I was going to take a walk but it’s too nice in the hammock now.
I’ll take a walk tomorrow.
I didn’t gain weight in quarantine (actually I lost a little) but my belly is fatter, which I guess means muscle mass is down.
Washing dishes, taking walks. Life is an endless struggle against entropy.

Things I learned this week

1. One thing you don’t want to hear yourself say while measuring chili powder into a marinade for kebabs you are making is, “oops”. We subscribe to weekly pre-measured recipe boxes from an organic farm in Vienna and I realized today that the spices sometimes are delivered in larger quantities than recipes require, which can result in pepper spray-levels of capsicum released into the air when you toss the mix into a hot frying pan.

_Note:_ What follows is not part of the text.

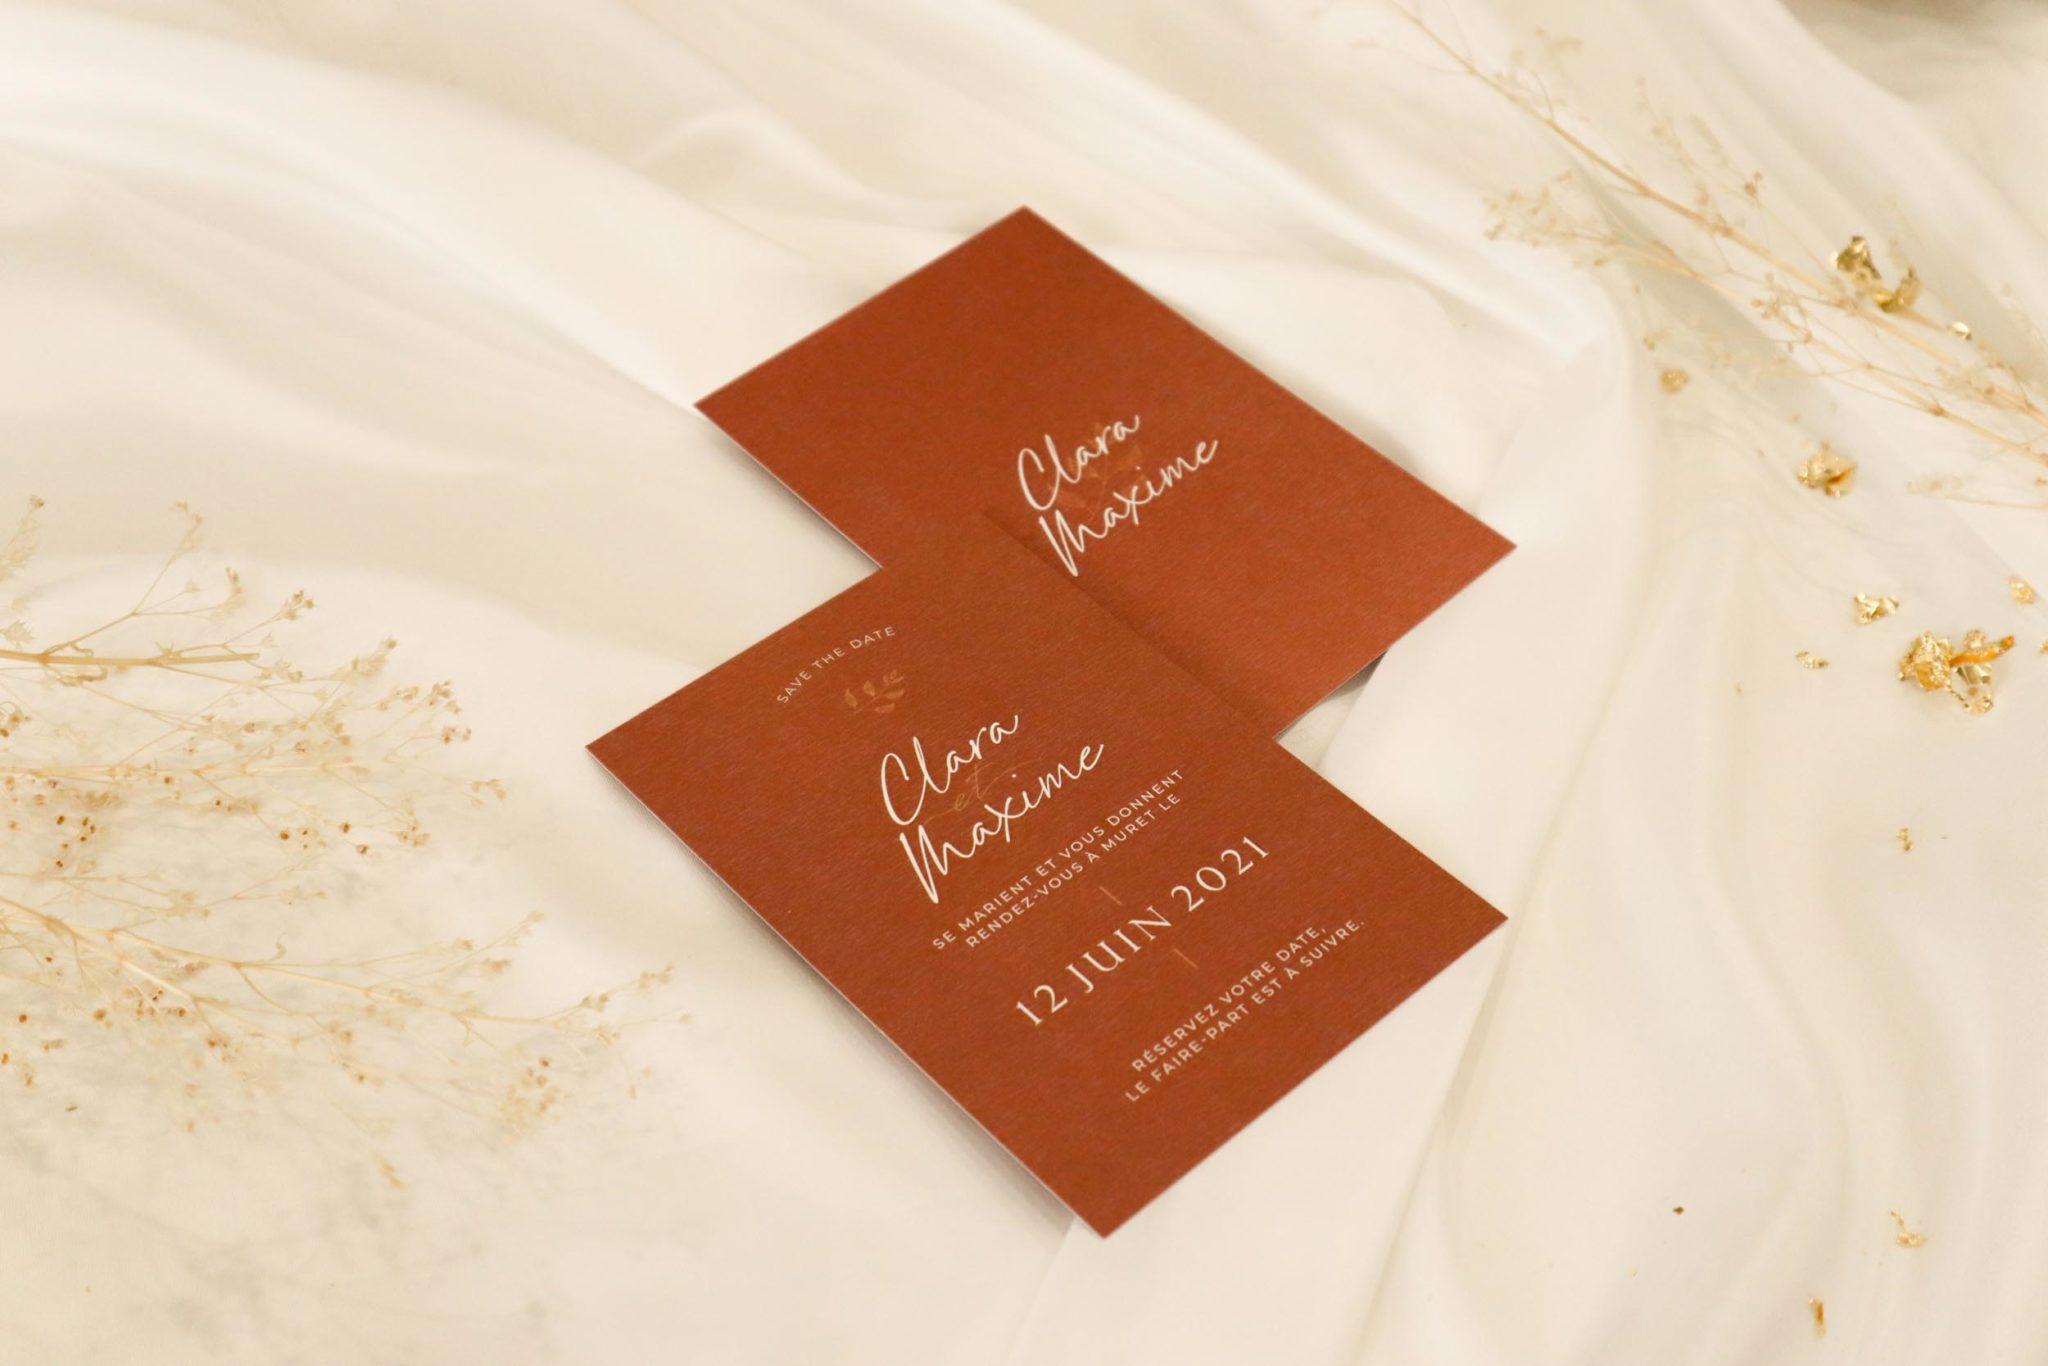 Save the date mariage terre de sienne terracotta marron nature boheme beige or

2. When everyone in your house has been quarantined and is waiting for the results of their COVID-19 test, the kind thing to do in this situation is explain to them that you, and now they, are all coughing because you just pepper sprayed them, and then go open windows.

3. The test takes much longer when it is being done on you than when you are watching someone else being tested. Time is relative. 30 seconds is not such a long time when someone else has a probe up their nostril, but a very long time when it’s your nostril.

4. When the health office calls you after waiting 3 days and tells you your test is negative, that’s a very good feeling.